В последней пьесе Островского самое впечатляющее событие, заключительный трагический аккорд — смерть главной героини. Непосредственное представление зрителю событийных линий, ведущих к финалу, очевидно ослаблено. Наглядно демонстрируются только козни претендента на семейное наследство прыткого Барбарисова. О важных событиях в своей жизни герои с разной степенью одушевления беседуют, их обсуждают, оценивают, спорят, по поводу предполагаемых событий (покупки имения в Крыму) строят планы, радуются, печалятся, делятся сокровенным, собираются передохнуть и сыграть в шахматы. Но на сцене ничего событийно явственного не происходит. Всё существенно главное (развлечения живущих на широкую ногу богачей, увлечение «оперетками» и их исполнительницами и др.) перенесено за сцену.
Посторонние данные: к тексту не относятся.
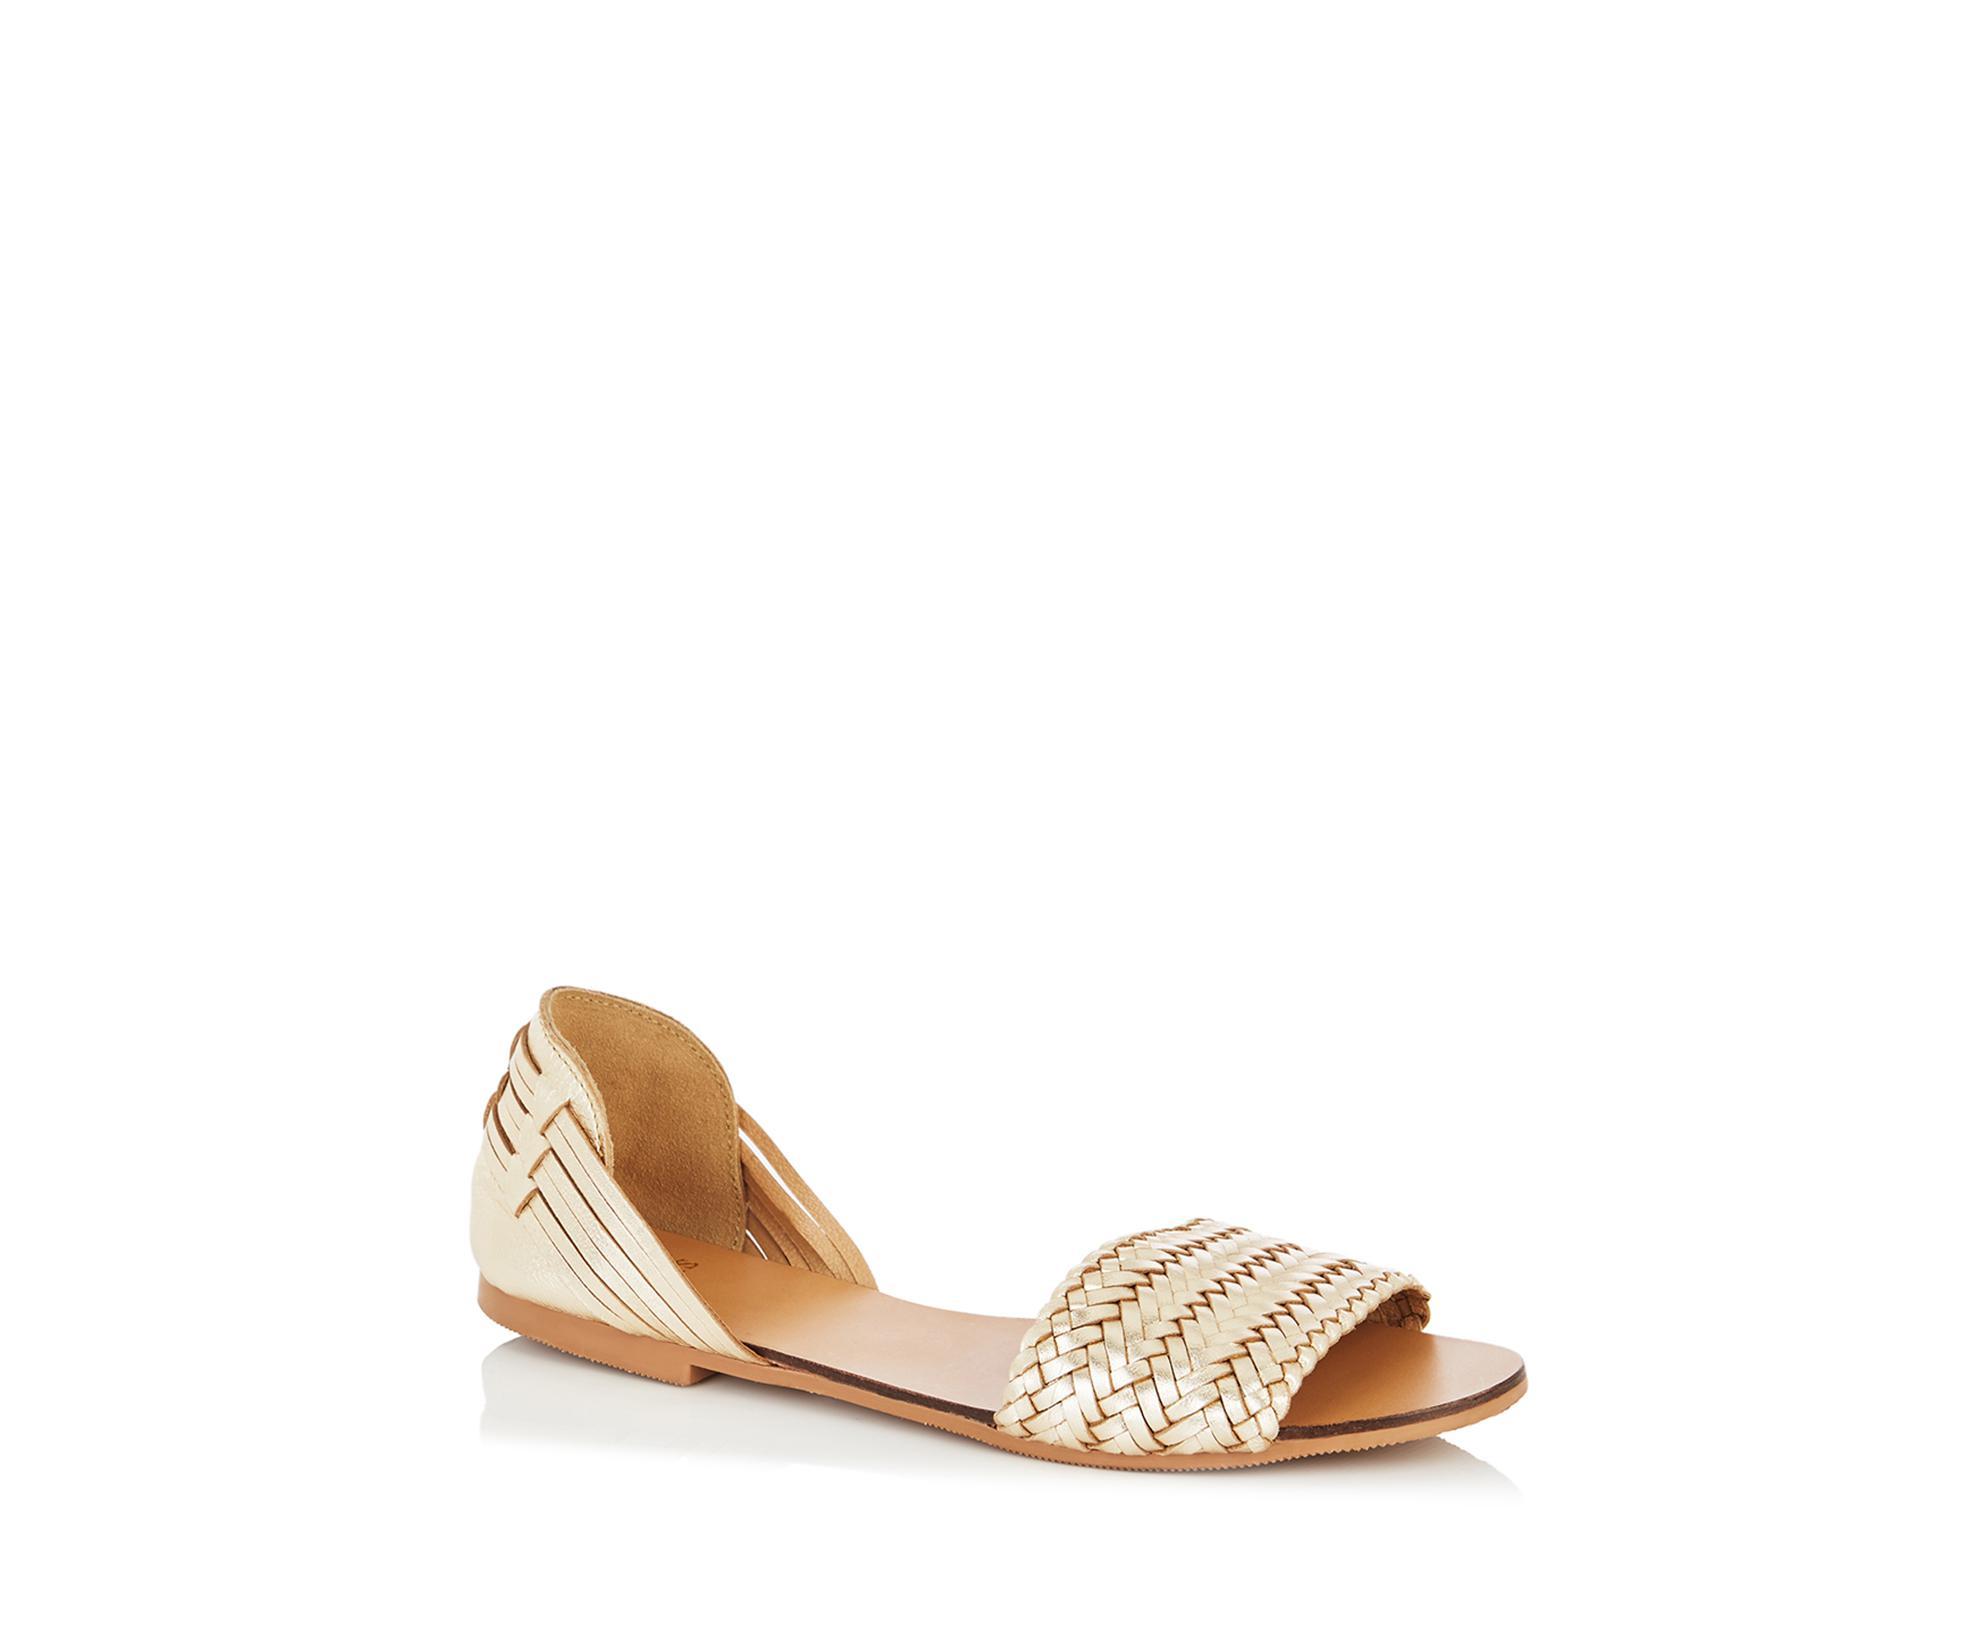 a967e958454d Oasis Hope Huarache Sandals in Metallic - Lyst

События не заполняют собой пьесу, не выводят героев из привычного самочувствия. Даже всеми ожидаемая, после долгой разлуки, встреча Кочуева с женой происходит по воле автора во внесценическом пространстве.

На первый взгляд, в пьесе Островского есть привычное для него разграничение носителей порока и их жертв, пособников порока и защитников жертв. Но все характеризующие драматурга особенности здесь заметно приглушены и даны в новых, непривычных, неопределённых очертаниях. Симптоматично, что круг прямых, активных злодеев в этой пьесе предельно сужен и представлен в гротескно-психологических полутонах. Это прежде всего и главным образом упомянутый выше Фирс Лукич Барбарисов, «молодой человек, по наружности очень скромный», похваляющийся своей «благочестивой жизнью» и аттестующий себя так: «Что делать? Я такой человек. Я блаженный; у меня — что на уме, то и на языке» (V, 450). Интриган все искреннейший, он предельно откровенен и даже социально-нравственную базу под свои проделки подводит: «Я и не хвастаюсь. Не титулованная особа, извините, из разночинцев. Да вот ум имею да способности» (V, 448). Ради собственных корыстных интересов, ради будущего достатка он педантично последователен и расчётлив в нескрываемых и от всей души совершаемых подлостях.

Барбарисов настырно вызнаёт интересующие его новости, касающиеся чужой жизни, выкрадывает компрометирующие его «жертву» документы, пишет, отправляет по почте, подбрасывает подмётные письма, ловко манипулирует настроением предполагаемой тёщи, впечатлительной и своенравной Евлампии Платоновны Снафидиной, от воли которой впрямую зависит будущий его достаток. При случае по-хлестаковски вызывающе прямодушно резонёрствует: «Нигде, решительно нигде на свете не найдёшь справедливости» (V, 435). Мечтая о выгодной женитьбе и не скрывая презрения к образу жизни ненавистного ему счастливчика Кочуева, Фирс Лукич легко впадает в пафос («Порок должен быть наказан» — V, 436) и во всеуслышание именует себя последовательным правдоискателем: «Я такой человек: несправедливость меня возмущает; я хочу, чтоб каждый получал должное, по своим заслугам» (V, 437). Барбарисов настойчиво и безбоязненно плетёт интригу и почти что по-детски простодушно корит тех, кто пробует противостоять его хитрым замыслам: «Перестаньте хитрить-то, перестаньте хитрить-то! Не на того напали» (V, 449), — объявляет он Елохову, пробующему его понять и осадить. Нашлась для него невеста с приличным приданым. Но приданого ему мало — хочется большего: «ведь больше-то лучше. Так или нет?» — вопрошает Барбарисов. «Конечно, лучше», — ответствует невеста. Маменька ей где-то его подыскала: ««Вот тебе жених; это твоя судьба. Полюби его!» Ну, я и полюбила <...> Скучно мне до смерти», — признаётся Капитолина Васильевна (V, 448, 449).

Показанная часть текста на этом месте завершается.